Genie and Vyrna continued their dialog, and most certainly talked about this new responsibility. Genie inherently trusted Sam, but she also knew that he usually did better when she was at hand to help fill in the gaps in his plans. Vyrna recognized this viewpoint, and tried to express her respect for her new friends’ relationship. Dragons, on the whole, on Hordann, don’t really do much. Ambitions are few among Dragonkind, but then they are peaceful animals. The fact that Sam and Genie were actively pursuing personal and career goals, and now, apparently, involved in this war, was very intriguing to Vyrna. She was familiar with the concept of partnership, as with her mate, but the kind of interaction required to actively participate in such a variety of activities was beyond her ken. It didn’t mean that she was not open to learn, however. Dragons do spend a large portion of their time devoted to intellectualizing many things. Given some more time, Vyrna would understand.
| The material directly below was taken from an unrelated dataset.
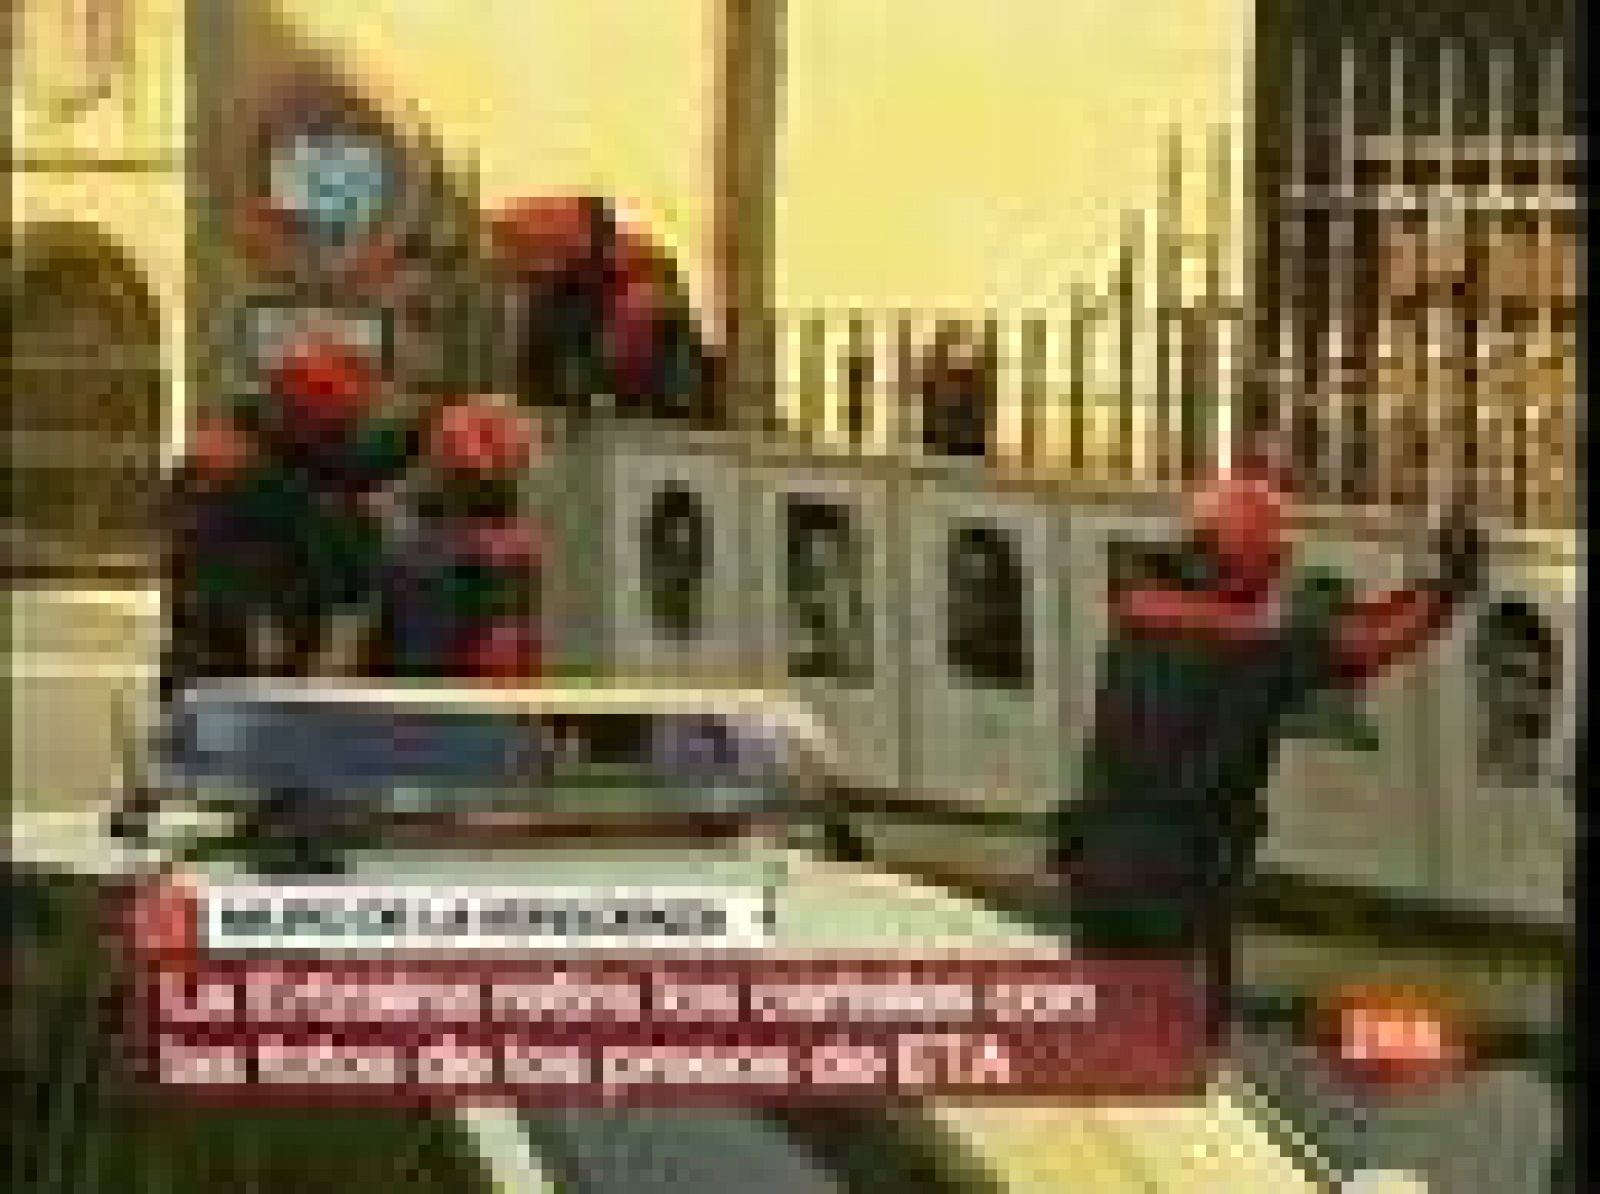 Agentes de la Ertzaintza retiran por orden de la Fiscalía las fotografías de etarras que se exhibían en el muro de la vergüenza en Mondragón (País Vasco).

The dragons kept low, traversing the island. Thick forest covered most of the island’s interior, and the riders learned not to look down as they passed closely to the tree tops. If they did, their eyes would begin to hurt, leading to nausea, motion sickness. It was better if they kept their focus forward. The leagues passed below them quickly, and they were delighted to not be trudging along the forest floor with no breeze in their faces. Before long, the target ridge was in sight. Hazgorn’s sharp eyes had picked a landing site long before Sam could see any details of the rise.
They landed about an hour before dusk and kept to the tree line, for the most part, so as not to be seen by any outlying patrols. There was plenty of time to rest, but Sam and Hannegelt were anxious to peer over the ridge at Raustorn Hold. Kemann came up behind them and settled in beside them as they lay prone to surveille.
The Hold was certainly there, and not unlike other Holds in Hordann, it was built on a rise. A main difference was that the Hold’s walls extended down to a narrow strait, where its many ships were moored. The Hold itself was huge, perhaps the largest in Hordann.
“That is a big Hold,” Sam observed.
“The good thing is that we do not have to take it, but merely attack it to attract Styric’s attention,” Kemann remarked.
“With the dragons, that should be an easy task,” Hannegelt said. “Should they simply fly through and set it ablaze with Dragonflame.”
Sam thought about it for a few moments. “No,” he said at last.
“No?” Hannegelt asked.
“You told me that Raustorn uses long bows. The dragons would have to fly low in order to use their Dragonflame, and that would put them easily in range of long bows. I won’t risk dragon lives to make things easier for us,” Sam explained. “There has got to be a better way.” He continued to look around the cityscape when a smell wafted to his nose. It reminded him of exhaust on the roads while he rode his motorcycle through traffic. Looking closer, he could see some blackish smoke rising from several buildings in the distance. “What is that smoke?”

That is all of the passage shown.